Die Corona-Pandemie hat mobiler Arbeit, vor allem im Homeoffice, einen enormen Schub gegeben. Allerdings fehlen immer noch gesetzliche Regelungen und Rahmenbedingungen. Forscher*innen des Wirtschafts- und Sozialwissenschaftlichen Instituts (WSI) und des Hugo-Sinzheimer-Instituts (HSI) der Hans-Böckler-Stiftung halten ein Recht auf mobiles Arbeiten in Zukunft für notwendig. In einer neuen Studie erklären die Rechts- und Sozialwissenschaftler*innen die Gründe und zeigen, wie entsprechende Gesetze ausgestaltet sein müssten.

„Nur ein Rechtsanspruch, der mobile Arbeit legitimiert und normalisiert, holt mobile Arbeit aus der Grauzone der betrieblichen Arbeitsgestaltung“, analysieren Dr. Yvonne Lott, Dr. Elke Ahlers, Dr. Johanna Wenckebach und Dr. Aline Zucco. Erst wenn die Möglichkeit zur mobilen Arbeit nicht mehr als Gunst des Arbeitgebers angesehen wird, könnten Schattenseiten vermieden werden.

Die Forderungen der Wissenschaftler*innen zusammengefasst:

Rechtsanspruch: Ein Rechtsanspruch würde grundsätzlich einheitliche Rahmenbedingungen für alle schaffen. Arbeitgeber müssten dann alle Anträge auf mobile Arbeit nach vergleichbaren, gesetzlich definierten Kriterien prüfen. Um maximale Sicherheit zu schaffen, sollten mögliche Ablehnungsgründe explizit im Gesetz genannt werden. Zudem sei es sinnvoll, analog zur Elternzeit, für eine Ablehnung „dringende“ betriebliche Gründe zu verlangen, wenn der Wunsch nach mobiler Arbeit seinerseits auch mit dringenden Gründen unterlegt wird, also etwa akuten familiären Verpflichtungen.

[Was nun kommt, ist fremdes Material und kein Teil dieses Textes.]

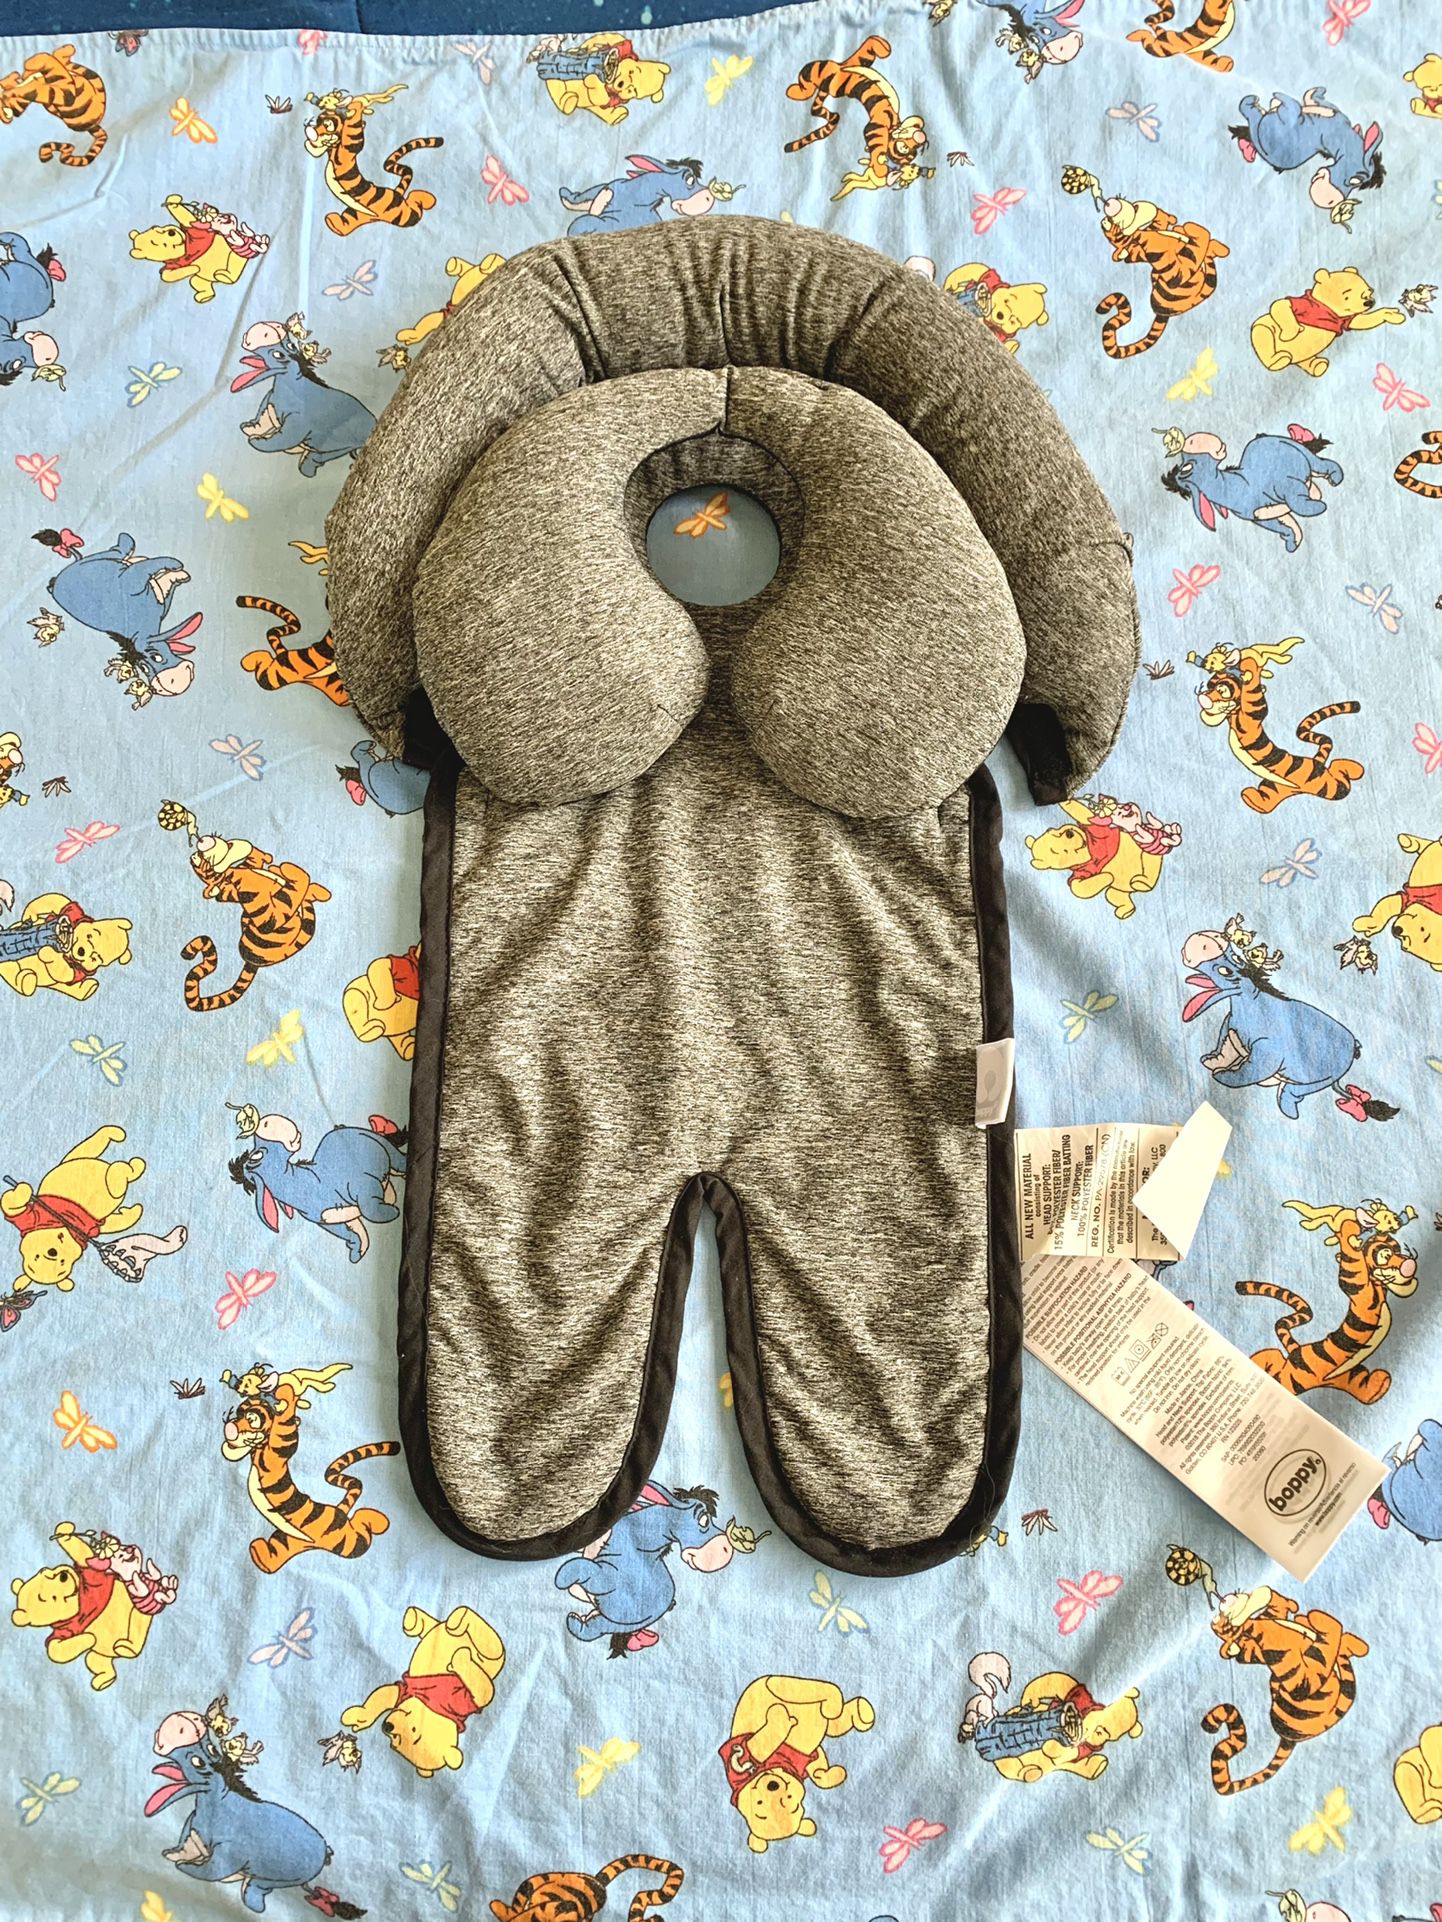 Boppy Insert For Head And Neck Support For Newborns. 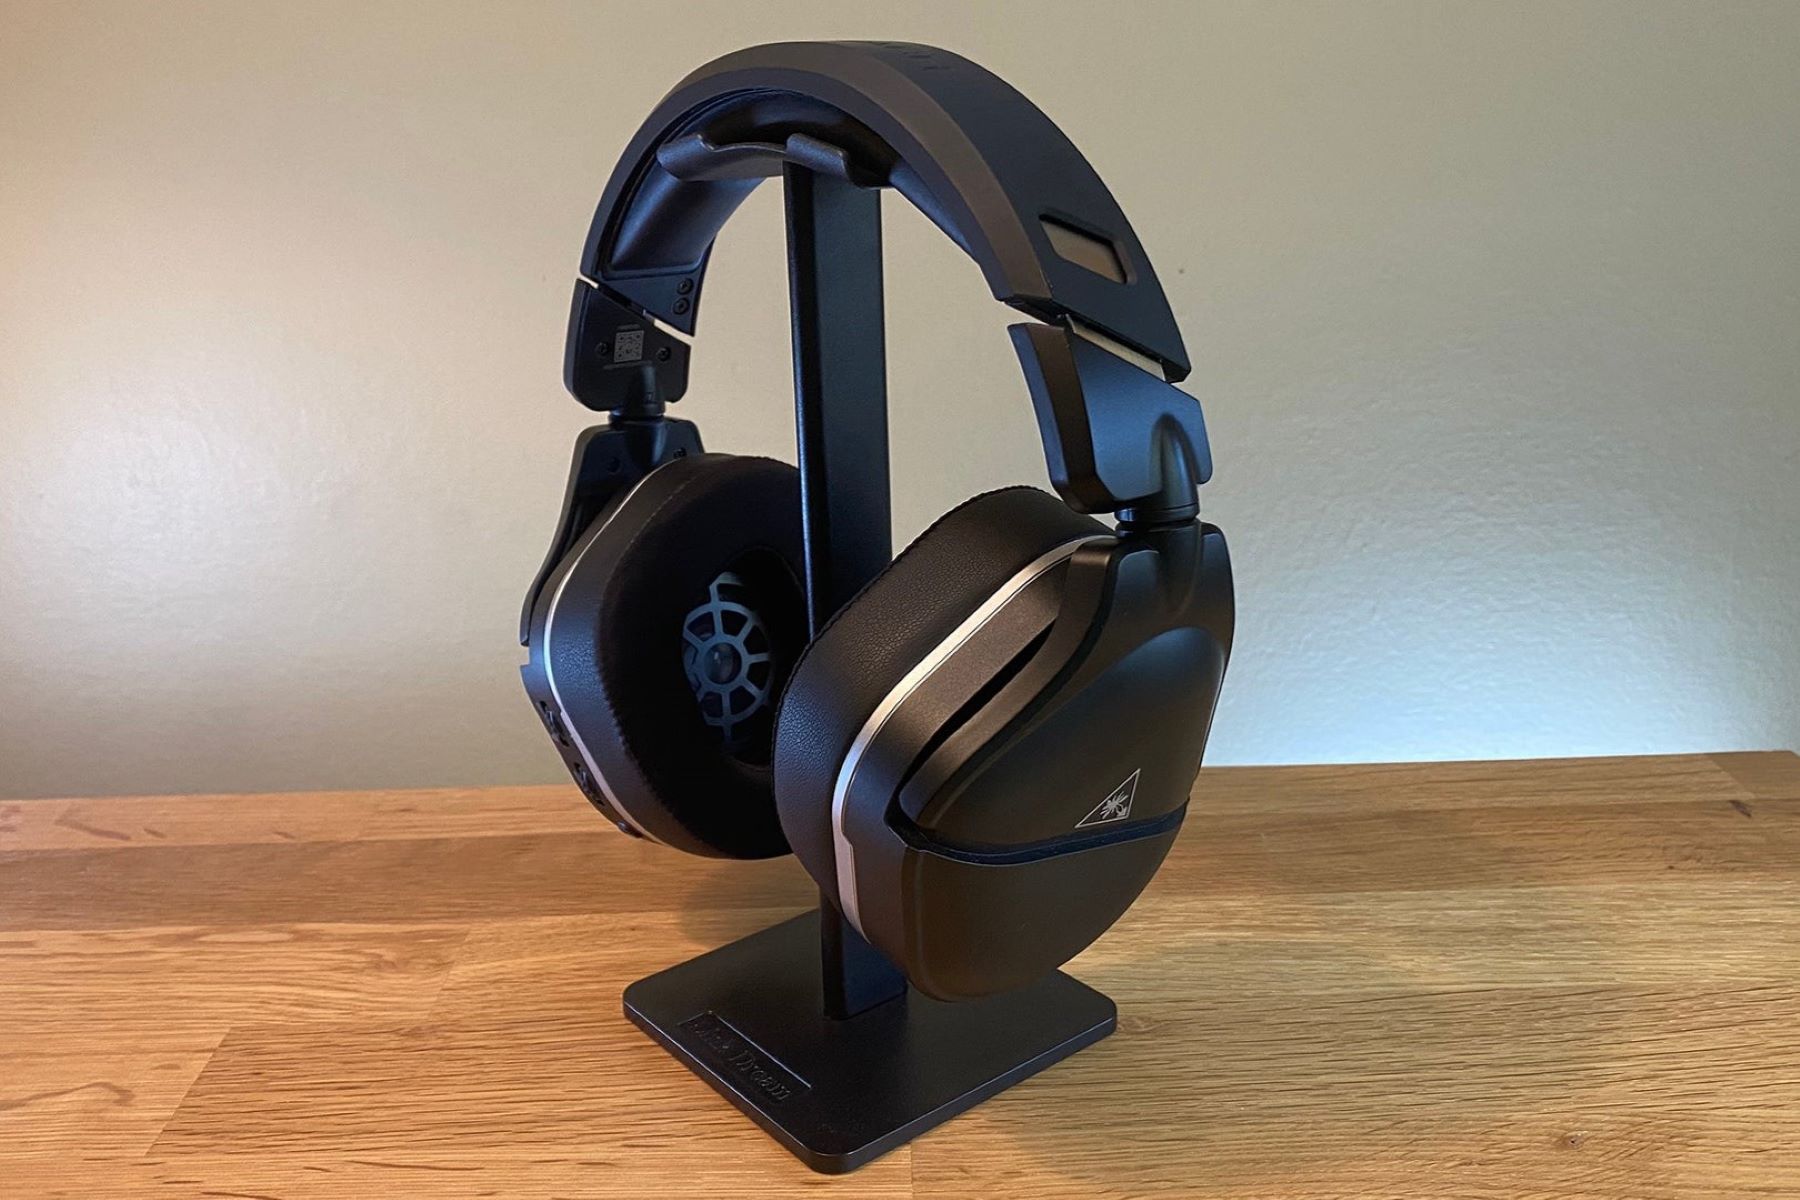 Connecting Your Turtle Beach Headset To A Phone

Freiwilligkeit und Flexibilität: Mobile Arbeit müsse für die Beschäftigten freiwillig sein, wenn sie positiv etwa auf die Vereinbarkeit von Beruf und Familie wirken solle. Nur Beschäftigte, „die (mit)entscheiden können, wo sie arbeiten, sind weniger gestresst, erkranken seltener an Burnout bzw. Depression, haben seltener Kündigungsabsichten und sind zufriedener im Job“, schreiben die Forscher*innen. Der Präsenzarbeitsplatz im Betrieb dürfe nicht gestrichen werden

Mitbestimmung: Notwendig sei ein neues, erzwingbares Recht für Betriebsräte, bei der Einführung und Ausgestaltung mobiler Arbeit mitzubestimmen. Letzteres ist im geplanten Betriebsrätemodernisierungsgesetz vorgesehen. Zudem müssten Betriebsräten, aber auch Gewerkschaften, vom Unternehmen digitale Zugänge zu den Beschäftigten zur Verfügung gestellt werden. Das sei unverzichtbar, um Mitbestimmung und Tarifautonomie auch bei weiter Verbreitung mobiler Digitalarbeit mit Leben zu erfüllen. 

Arbeitsschutz, Zeiterfassung: Arbeitsschutz und -zeiterfassung müssen auch bei mobiler Arbeit gewährleistet werden. Dazu solle gesetzlich noch einmal ganz klargestellt werden, dass die gesetzlichen Regelungen, etwa zu Ruhezeiten, auch im Homeoffice gelten. Arbeitgeber müssen ein objektives und zugängliches System zur Erfassung der Arbeitszeit bereitstellen, auf das Beschäftigte auch von mobilen Endgeräten aus zugreifen können.

Versicherungsschutz und Ausstattung der Arbeitsplätze: Wie es um den Versicherungsschutz steht, wenn Beschäftigten etwa aus dem Homeoffice ein Kind aus der Kita abholen, ist bisher nicht gesetzlich geregelt. Die Lücke könnte aber bald geschlossen werden, loben die Expert*innen, das Bundesarbeitsministerium bereite eine entsprechende Regelung vor. Klarstellen solle der Gesetzgeber auch, dass der Arbeitgeber die notwendige Grundausstattung für ein ergonomisch gutes mobiles Arbeiten finanzieren muss. Also zum Beispiel mobile Endgeräte, Bildschirme oder Tastatur. Schließlich sollte dauerhaft steuerlich berücksichtigt werden, wenn Beschäftigte im Homeoffice zusätzliche Kosten übernehmen, etwa für Heizung, Strom oder Büromaterial.

Datenschutz: Die Expert*innen plädieren für ein Beschäftigtendatenschutzgesetz. Das könne unter anderem die Privatsphäre von mobil arbeitenden Beschäftigten angemessen schützen und Beschäftigten, Arbeitgebern und Interessenvertretungen Sicherheit über ihre Rechte und Pflichten verschaffen.